26:18It was heartening to me at the time to see that you could not win an election like that just by spending lots of money.
26:29They got trounced.
26:30They got rejected.
26:32This was a sea change moment for the DeVos'es.
26:36Dick says, if I can't serve in this way, meaning the governorship, then we'll have to find some other way to serve.
26:44Sometimes they're going to win, sometimes they're going to lose, but they're going to fight the fight.
26:48And they're going to continue to do that.
26:49Whereas a lot of people, they may run for mayor, state rep, and lose, and they're done with politics.
26:54Not the DeVos'es.
26:55They're in it.
26:57Who decides what's in the best interests of children?
27:01Their parents or the government?
27:03They helped launch this group, the Great Lakes Education Project, which becomes the tip of the spear for their efforts to elect and defeat politicians who either do or don't align with their agenda on education.
27:21Everybody would equate a GLAP endorsement with a DeVos family endorsement.

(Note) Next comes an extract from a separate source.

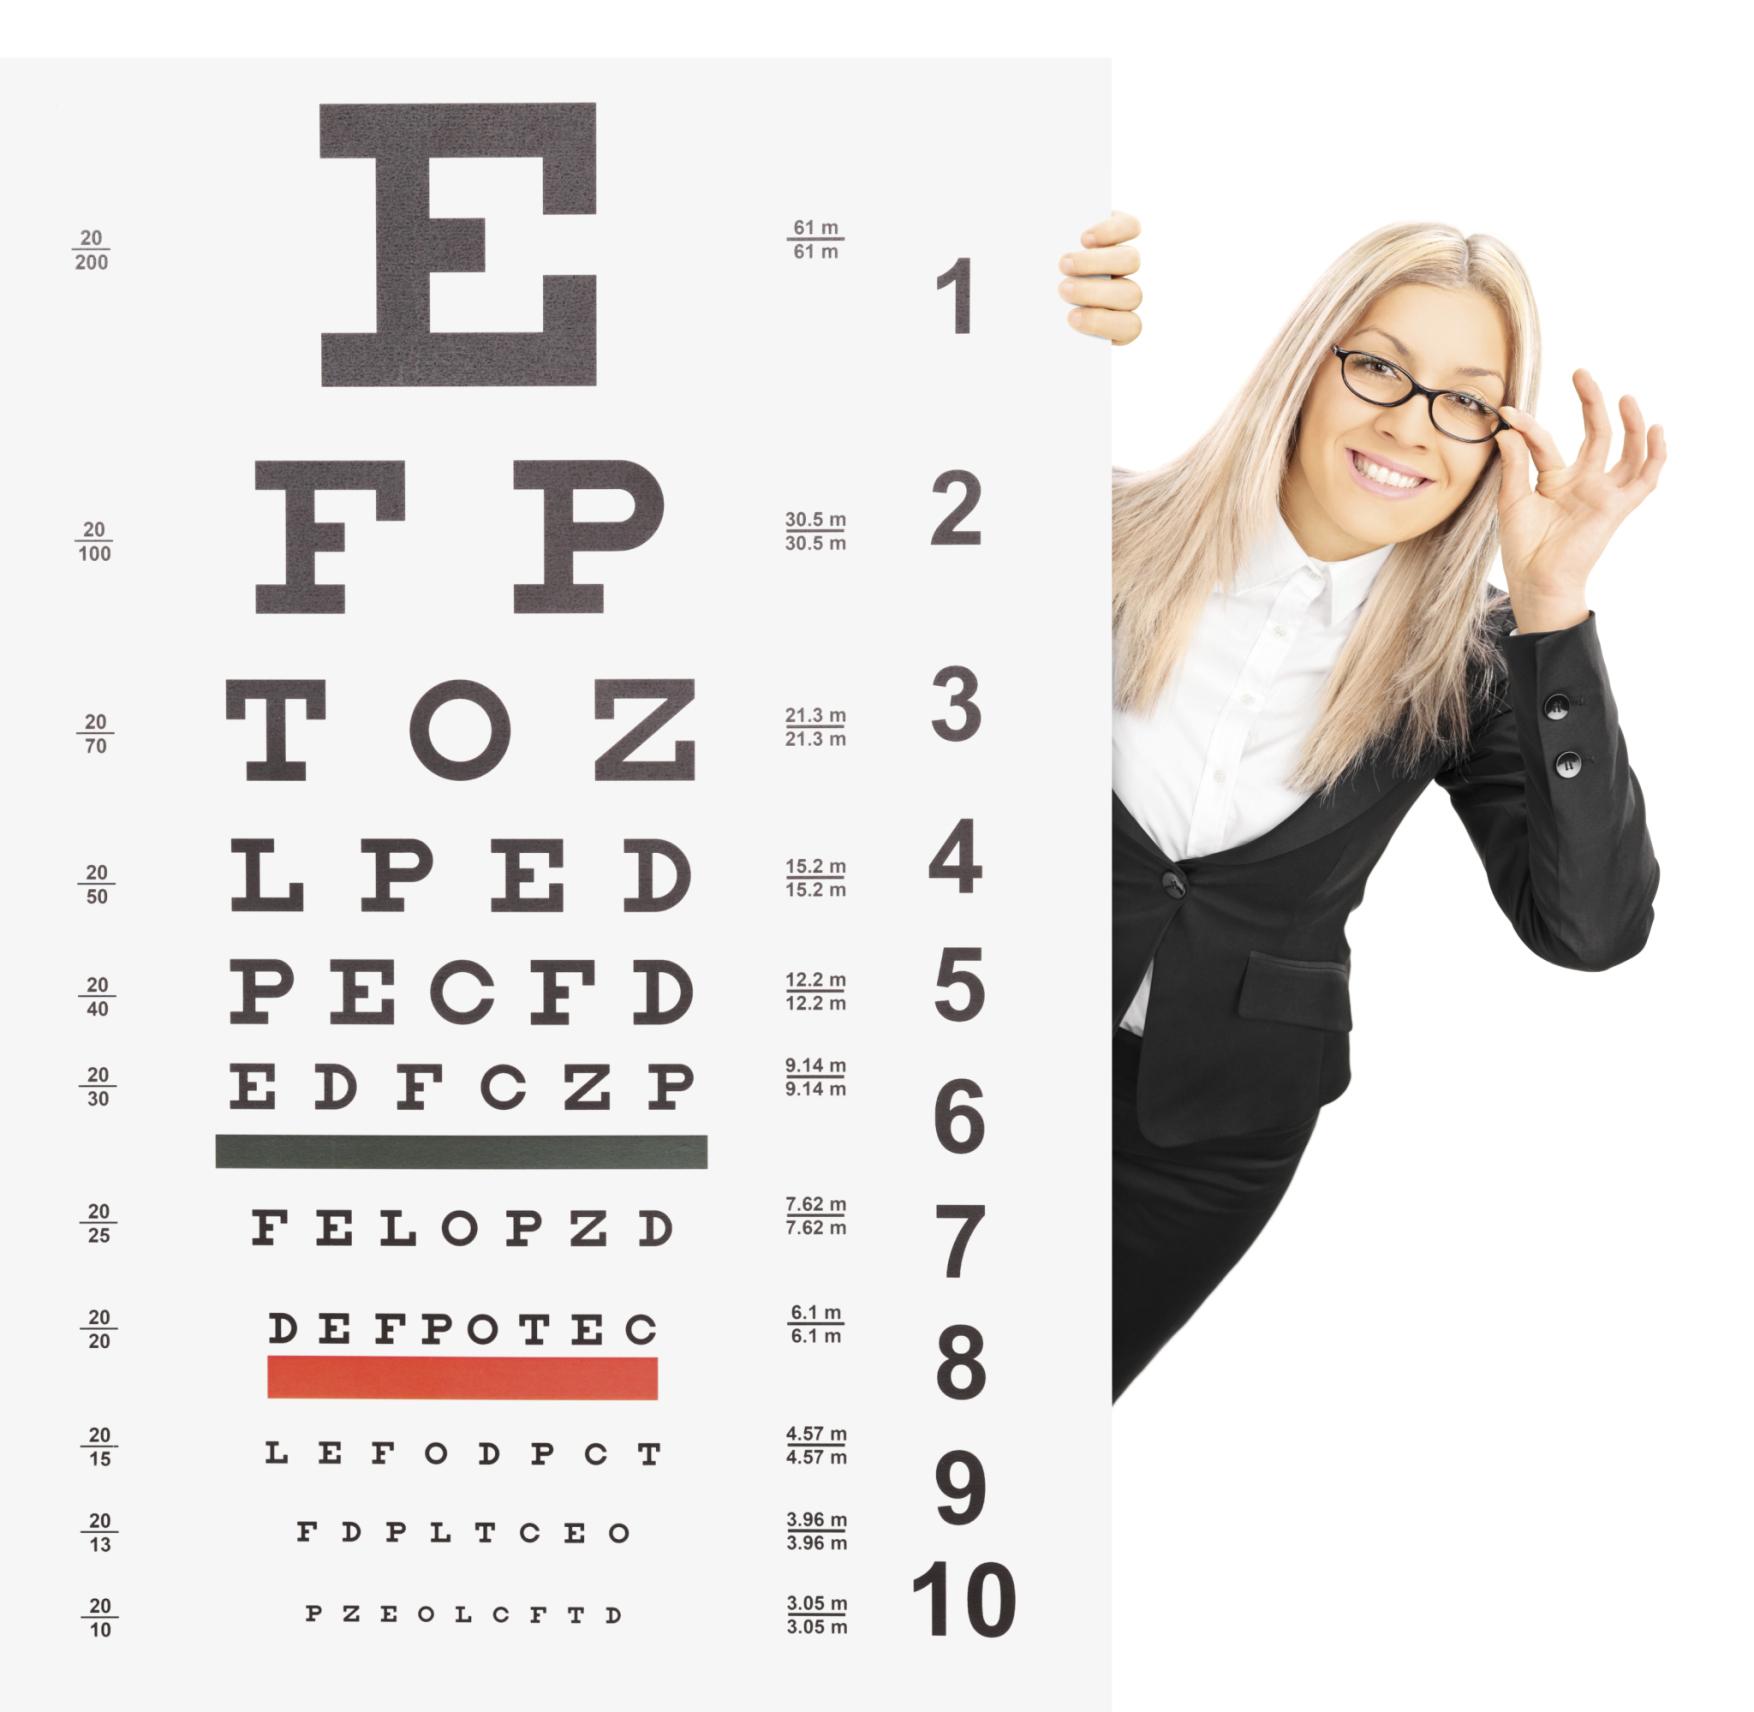 rossz látási tulajdonságok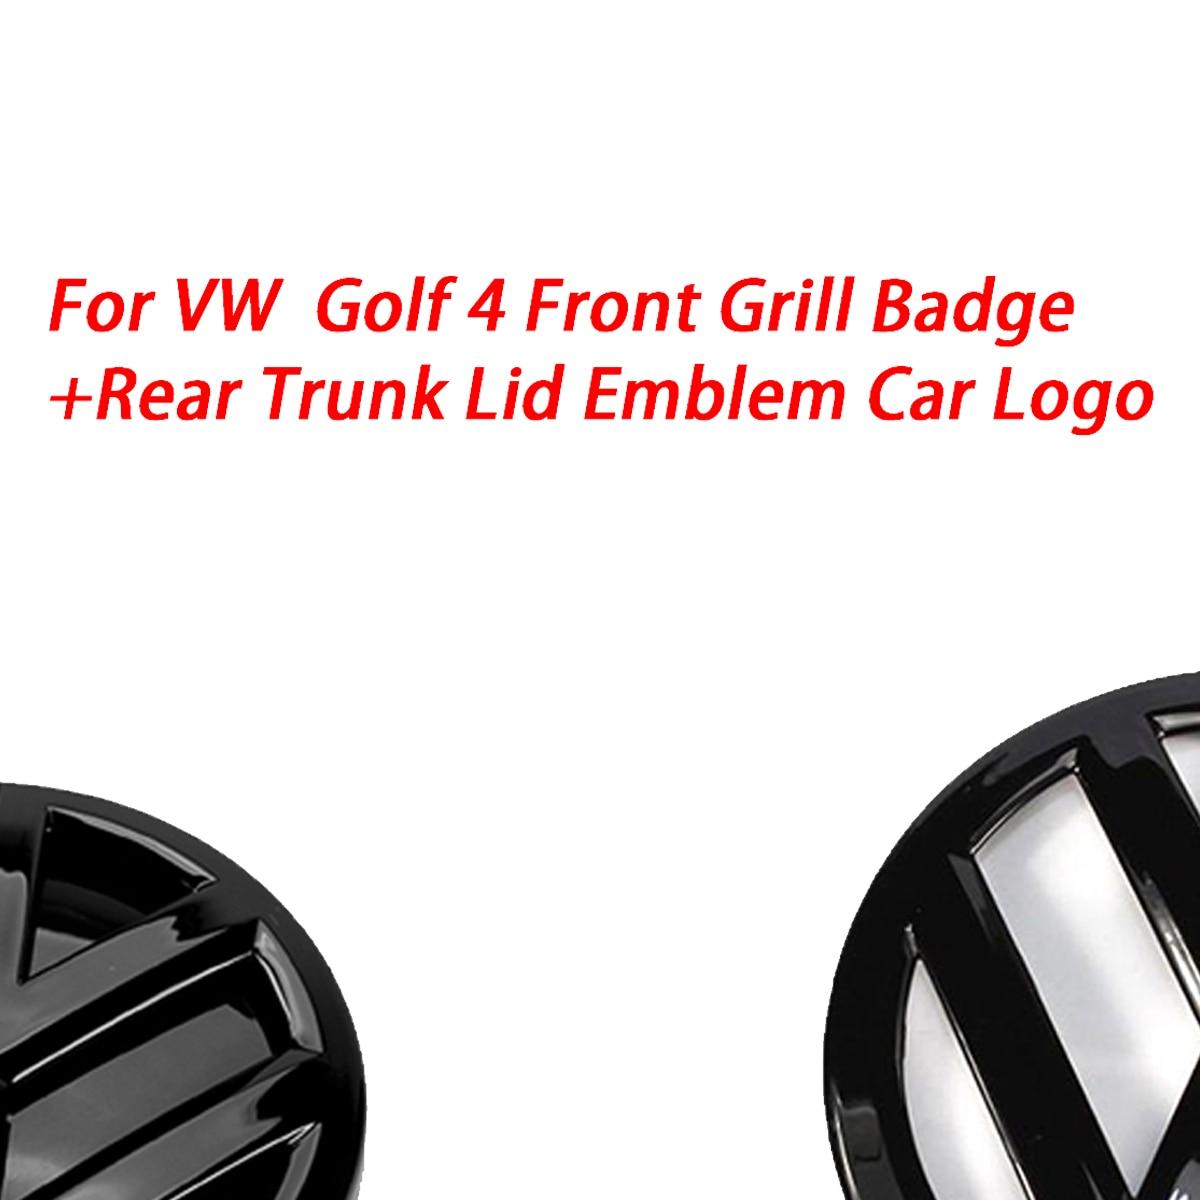 Блестящий черный значок 116 мм на переднюю решетку + 118 мм эмблема на заднюю крышку багажника, логотип автомобиля подходит для VW Volkswagen Golf MK4 ...

27:25And some places, that's key.
27:27That's golden.
27:27The purpose is, they're trying to get elected people that support public education reform.
27:32They're paying for access.
27:33They're paying to get more like-minded individuals under the dome.
27:38Then in 2011, right after the election of Governor Rick Snyder, pro-corporate, sort of avuncular, goofy Republican, they do notch a really important victory.
27:50They helped defeat a cap on charter schools in Michigan.
27:58Charter schools are publicly funded, but independent of traditional local schools.
28:02Under state law, they have to be authorized by local school boards, intermediate school districts, community colleges, or universities.
28:08Lifting that cap meant for-profit companies that operate many charter schools are able to see a massive increase in the amount of money that they potentially can get from the public.
28:21It's important for anybody to have a choice, whether it's public, private, or charter.
28:27Everybody should have a choice in where they feel like their children would do better and succeed it.
28:32There is no overwhelming evidence that the education system in Michigan has benefited or has climbed far above its rank because of this program.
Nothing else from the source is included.